__Problem to work on__. Your answer must be the full listing, word for word, with no images in it.

__The data__.
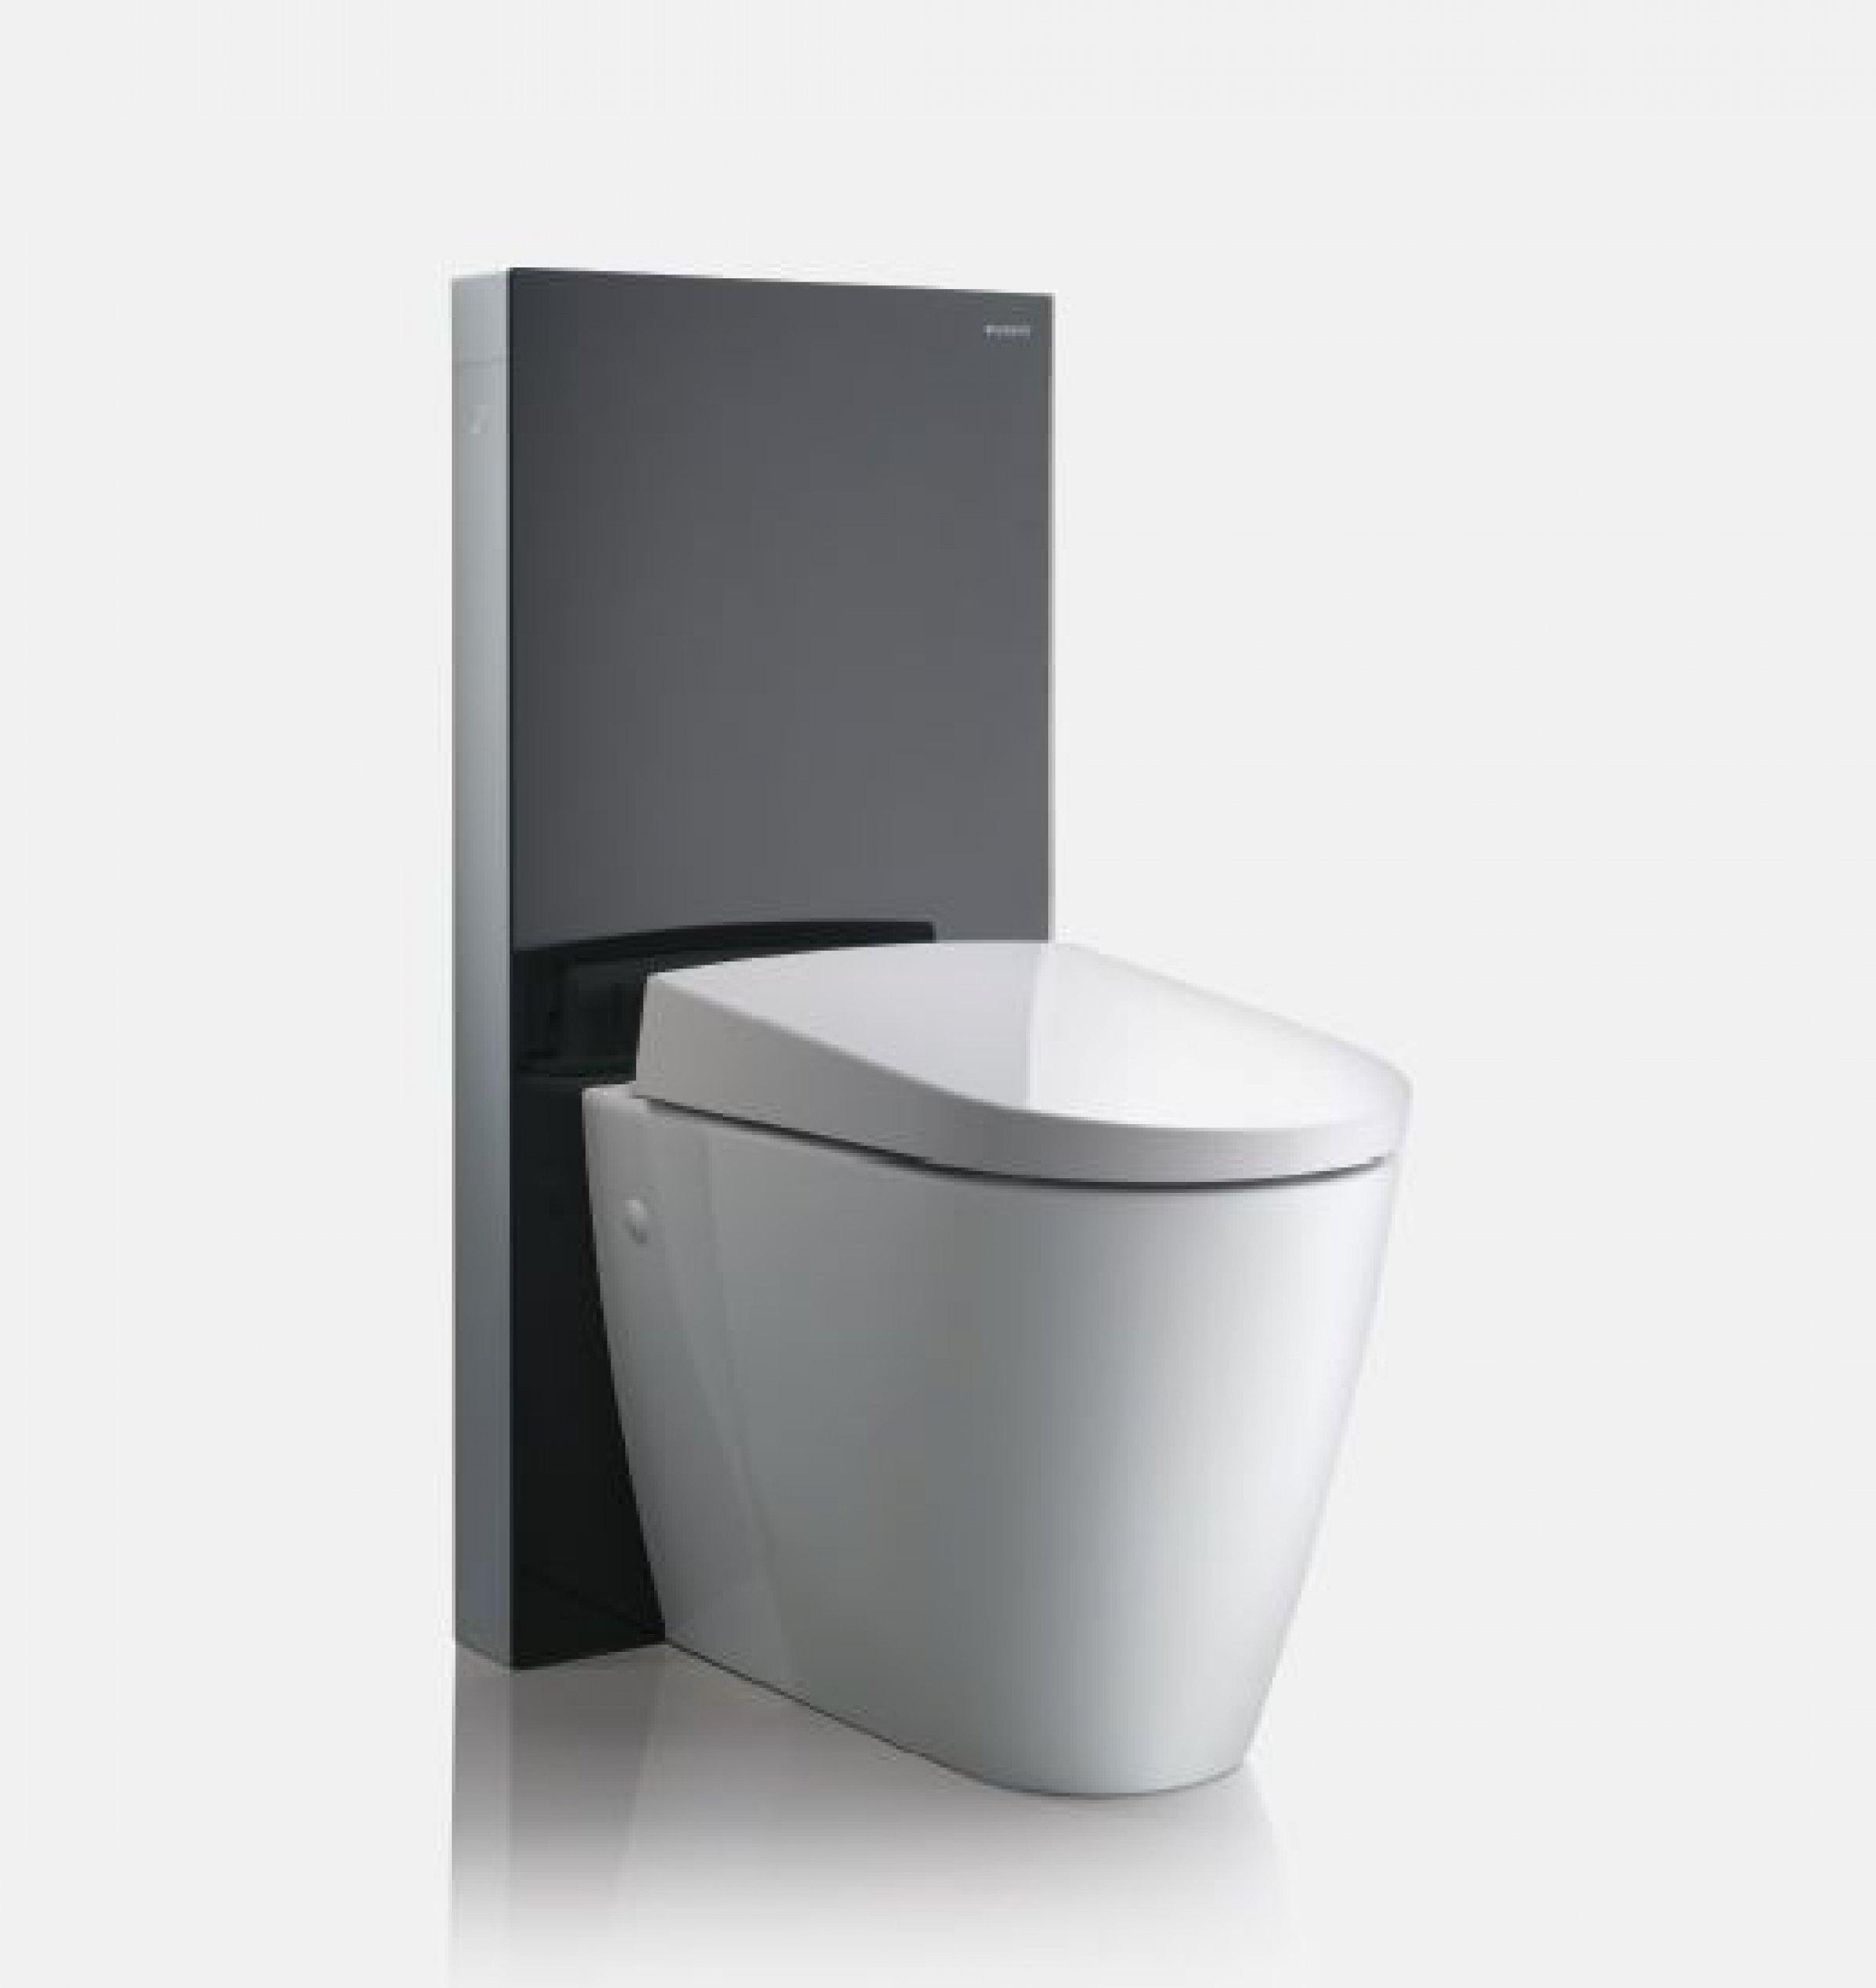 Mega Nyt gulvstående douchetoilet | Installatør JN27
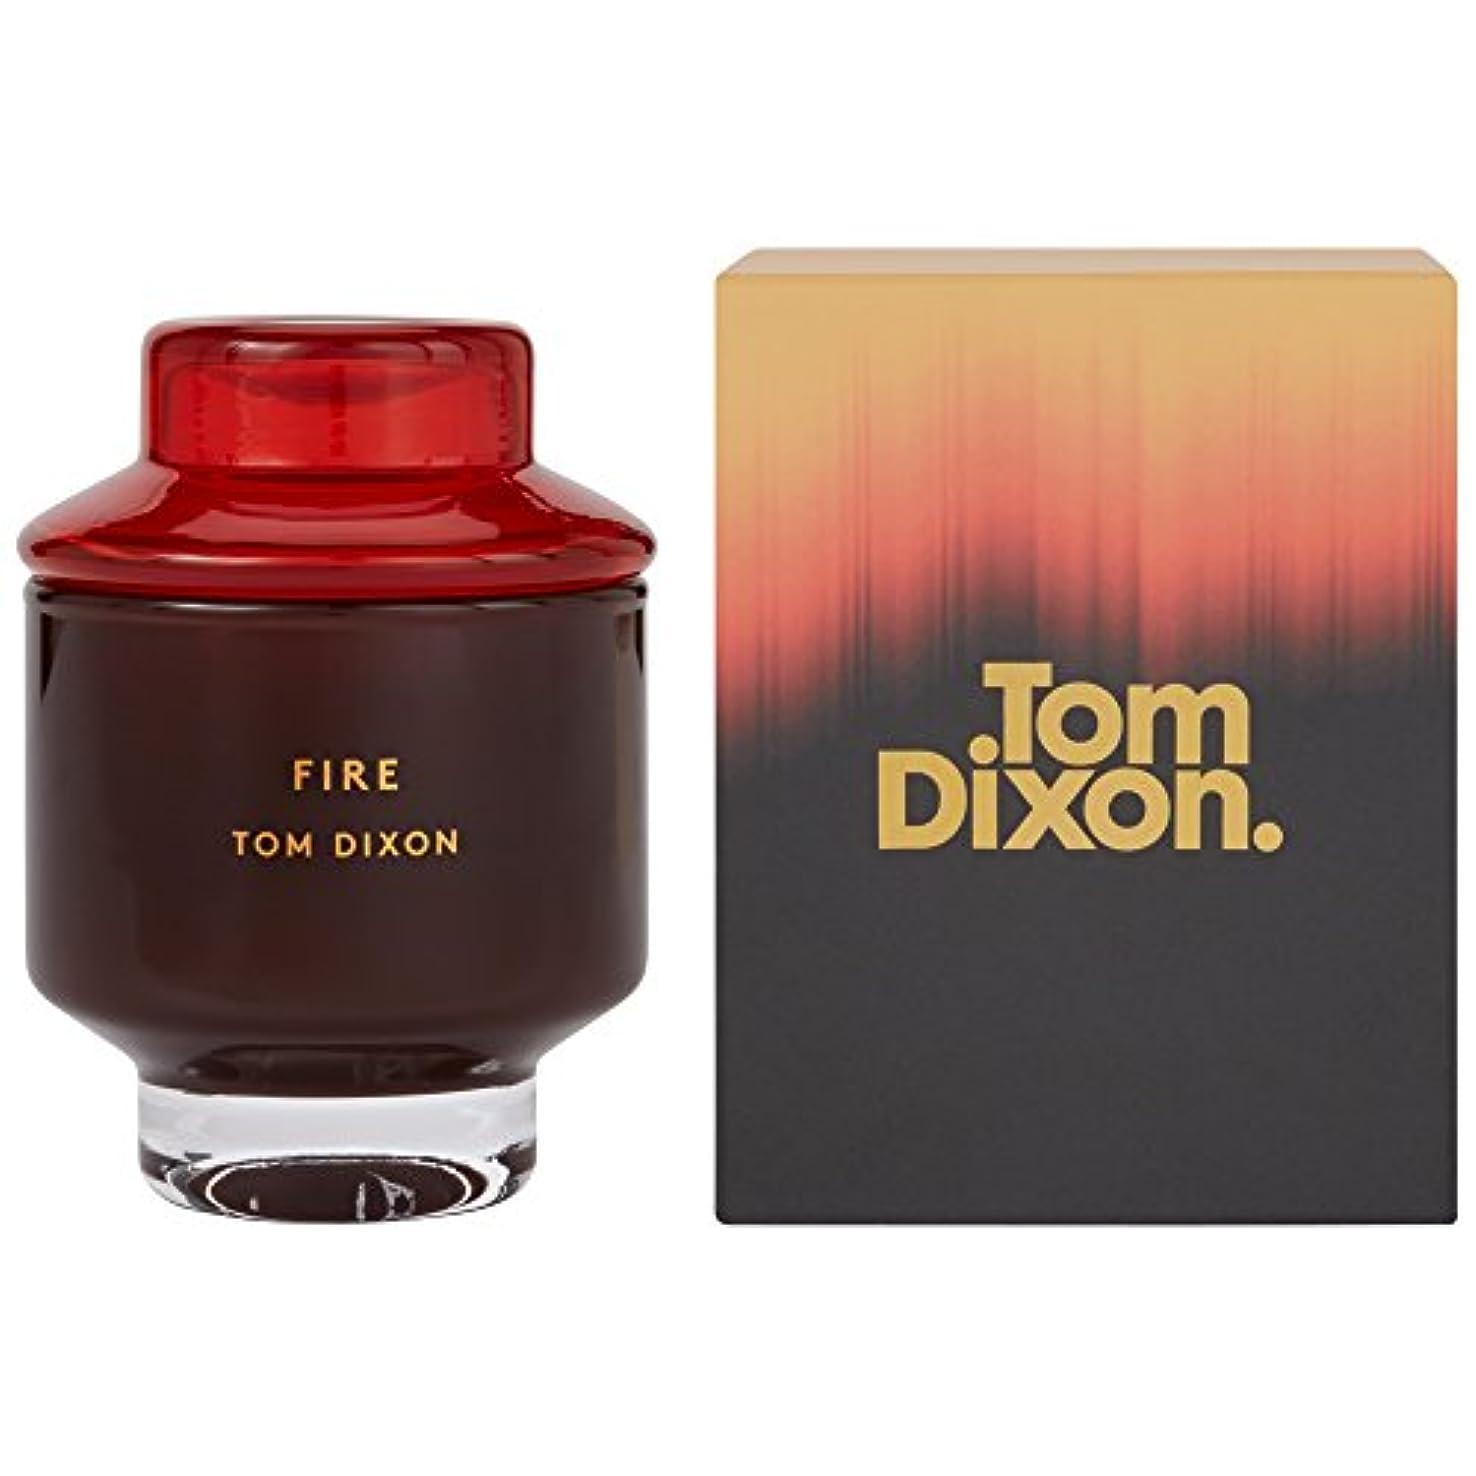 Tom Dixon Fire Scented Candle Medium (Pack of 2) - トム?ディクソン火災香りのキャンドル媒体 x2 [並行輸入品]
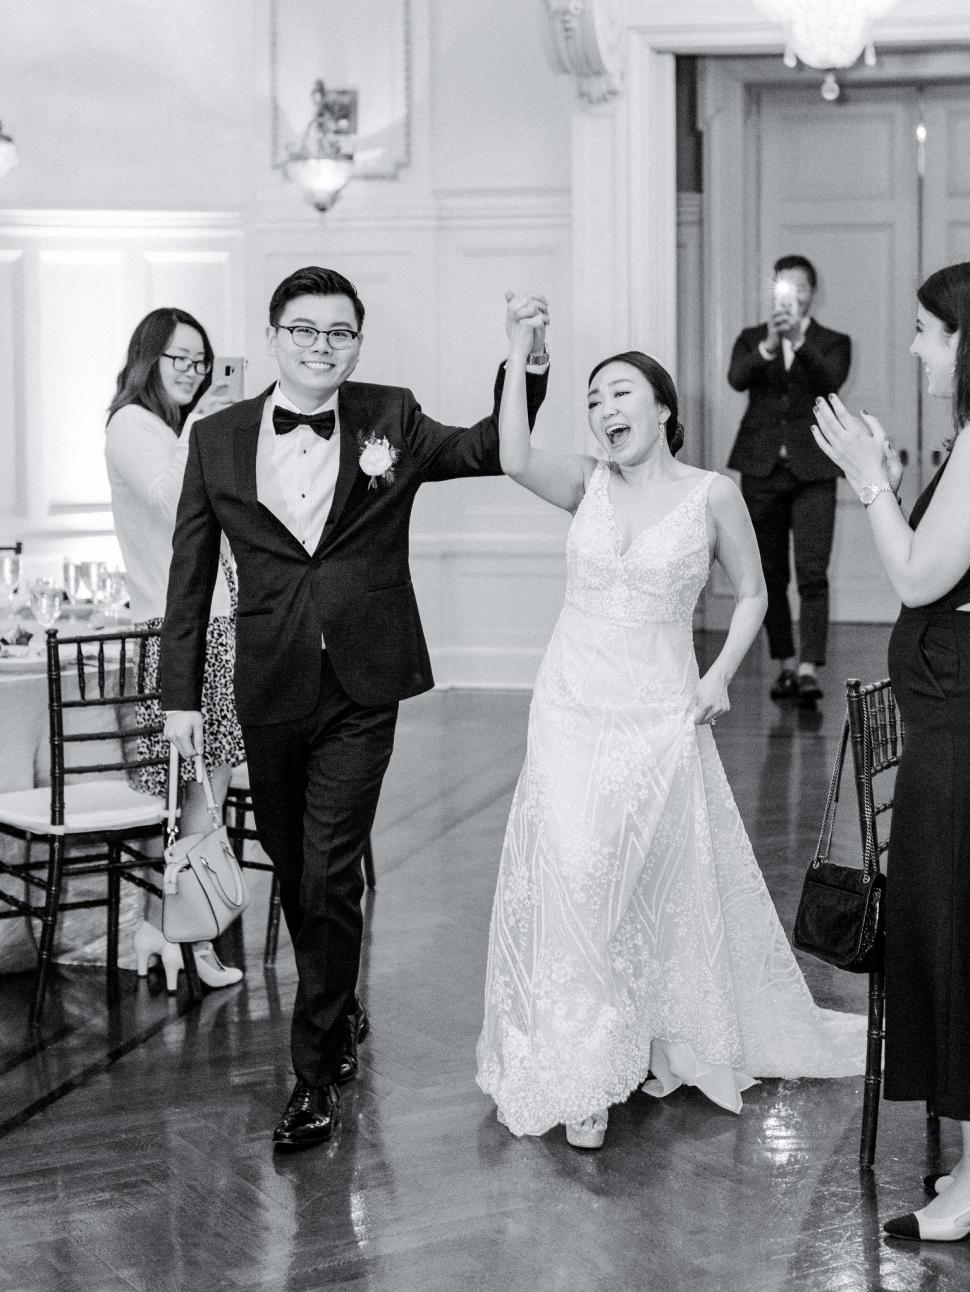 Bourne-Mansion-Wedding-Photos-Cassi-Claire-Long-Island-Wedding-Photographer_45.jpg

__Task answer__.
 Mega Nyt gulvstående douchetoilet | Installatør JN27
 Tom Dixon Fire Scented Candle Medium (Pack of 2) - トム?ディクソン火災香りのキャンドル媒体 x2 [並行輸入品]
 Bourne-Mansion-Wedding-Photos-Cassi-Claire-Long-Island-Wedding-Photographer_45.jpg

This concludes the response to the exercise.